__About this exercise__.
When you reach the line containing "EXP Towing logo" in the entries below, repeat it and each line after it exactly until the entries end.

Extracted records
════

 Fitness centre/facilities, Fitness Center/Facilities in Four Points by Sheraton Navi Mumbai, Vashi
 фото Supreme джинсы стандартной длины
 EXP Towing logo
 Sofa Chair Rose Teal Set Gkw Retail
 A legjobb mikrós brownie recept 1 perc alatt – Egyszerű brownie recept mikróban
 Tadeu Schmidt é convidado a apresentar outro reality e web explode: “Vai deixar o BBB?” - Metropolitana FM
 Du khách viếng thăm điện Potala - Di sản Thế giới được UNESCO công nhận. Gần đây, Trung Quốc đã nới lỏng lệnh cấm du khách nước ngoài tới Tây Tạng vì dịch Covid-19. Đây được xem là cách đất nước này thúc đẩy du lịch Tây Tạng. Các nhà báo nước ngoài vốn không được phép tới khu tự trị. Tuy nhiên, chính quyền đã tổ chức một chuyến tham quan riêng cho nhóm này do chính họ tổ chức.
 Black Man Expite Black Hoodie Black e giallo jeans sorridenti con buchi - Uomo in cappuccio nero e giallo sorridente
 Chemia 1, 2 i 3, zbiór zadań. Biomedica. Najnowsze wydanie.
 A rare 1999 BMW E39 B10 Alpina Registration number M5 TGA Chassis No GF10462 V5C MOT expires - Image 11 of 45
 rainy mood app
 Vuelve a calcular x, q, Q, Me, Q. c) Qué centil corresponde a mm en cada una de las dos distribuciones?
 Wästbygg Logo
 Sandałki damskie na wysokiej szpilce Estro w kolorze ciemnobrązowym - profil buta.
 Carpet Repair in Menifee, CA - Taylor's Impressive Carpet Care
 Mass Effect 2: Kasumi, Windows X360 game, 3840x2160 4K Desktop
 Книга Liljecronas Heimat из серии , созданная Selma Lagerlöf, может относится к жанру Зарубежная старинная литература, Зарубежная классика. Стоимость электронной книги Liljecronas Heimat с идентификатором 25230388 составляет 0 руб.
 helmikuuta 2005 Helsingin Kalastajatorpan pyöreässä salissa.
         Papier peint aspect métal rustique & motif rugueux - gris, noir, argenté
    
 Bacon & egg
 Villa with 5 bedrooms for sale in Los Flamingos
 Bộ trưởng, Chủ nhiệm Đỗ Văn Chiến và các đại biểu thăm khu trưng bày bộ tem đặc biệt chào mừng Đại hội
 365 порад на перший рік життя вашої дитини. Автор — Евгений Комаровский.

════

__Answer section__.
 EXP Towing logo
 Sofa Chair Rose Teal Set Gkw Retail
 A legjobb mikrós brownie recept 1 perc alatt – Egyszerű brownie recept mikróban
 Tadeu Schmidt é convidado a apresentar outro reality e web explode: “Vai deixar o BBB?” - Metropolitana FM
 Du khách viếng thăm điện Potala - Di sản Thế giới được UNESCO công nhận. Gần đây, Trung Quốc đã nới lỏng lệnh cấm du khách nước ngoài tới Tây Tạng vì dịch Covid-19. Đây được xem là cách đất nước này thúc đẩy du lịch Tây Tạng. Các nhà báo nước ngoài vốn không được phép tới khu tự trị. Tuy nhiên, chính quyền đã tổ chức một chuyến tham quan riêng cho nhóm này do chính họ tổ chức.
 Black Man Expite Black Hoodie Black e giallo jeans sorridenti con buchi - Uomo in cappuccio nero e giallo sorridente
 Chemia 1, 2 i 3, zbiór zadań. Biomedica. Najnowsze wydanie.
 A rare 1999 BMW E39 B10 Alpina Registration number M5 TGA Chassis No GF10462 V5C MOT expires - Image 11 of 45
 rainy mood app
 Vuelve a calcular x, q, Q, Me, Q. c) Qué centil corresponde a mm en cada una de las dos distribuciones?
 Wästbygg Logo
 Sandałki damskie na wysokiej szpilce Estro w kolorze ciemnobrązowym - profil buta.
 Carpet Repair in Menifee, CA - Taylor's Impressive Carpet Care
 Mass Effect 2: Kasumi, Windows X360 game, 3840x2160 4K Desktop
 Книга Liljecronas Heimat из серии , созданная Selma Lagerlöf, может относится к жанру Зарубежная старинная литература, Зарубежная классика. Стоимость электронной книги Liljecronas Heimat с идентификатором 25230388 составляет 0 руб.
 helmikuuta 2005 Helsingin Kalastajatorpan pyöreässä salissa.
         Papier peint aspect métal rustique & motif rugueux - gris, noir, argenté
    
 Bacon & egg
 Villa with 5 bedrooms for sale in Los Flamingos
 Bộ trưởng, Chủ nhiệm Đỗ Văn Chiến và các đại biểu thăm khu trưng bày bộ tem đặc biệt chào mừng Đại hội
 365 порад на перший рік життя вашої дитини. Автор — Евгений Комаровский.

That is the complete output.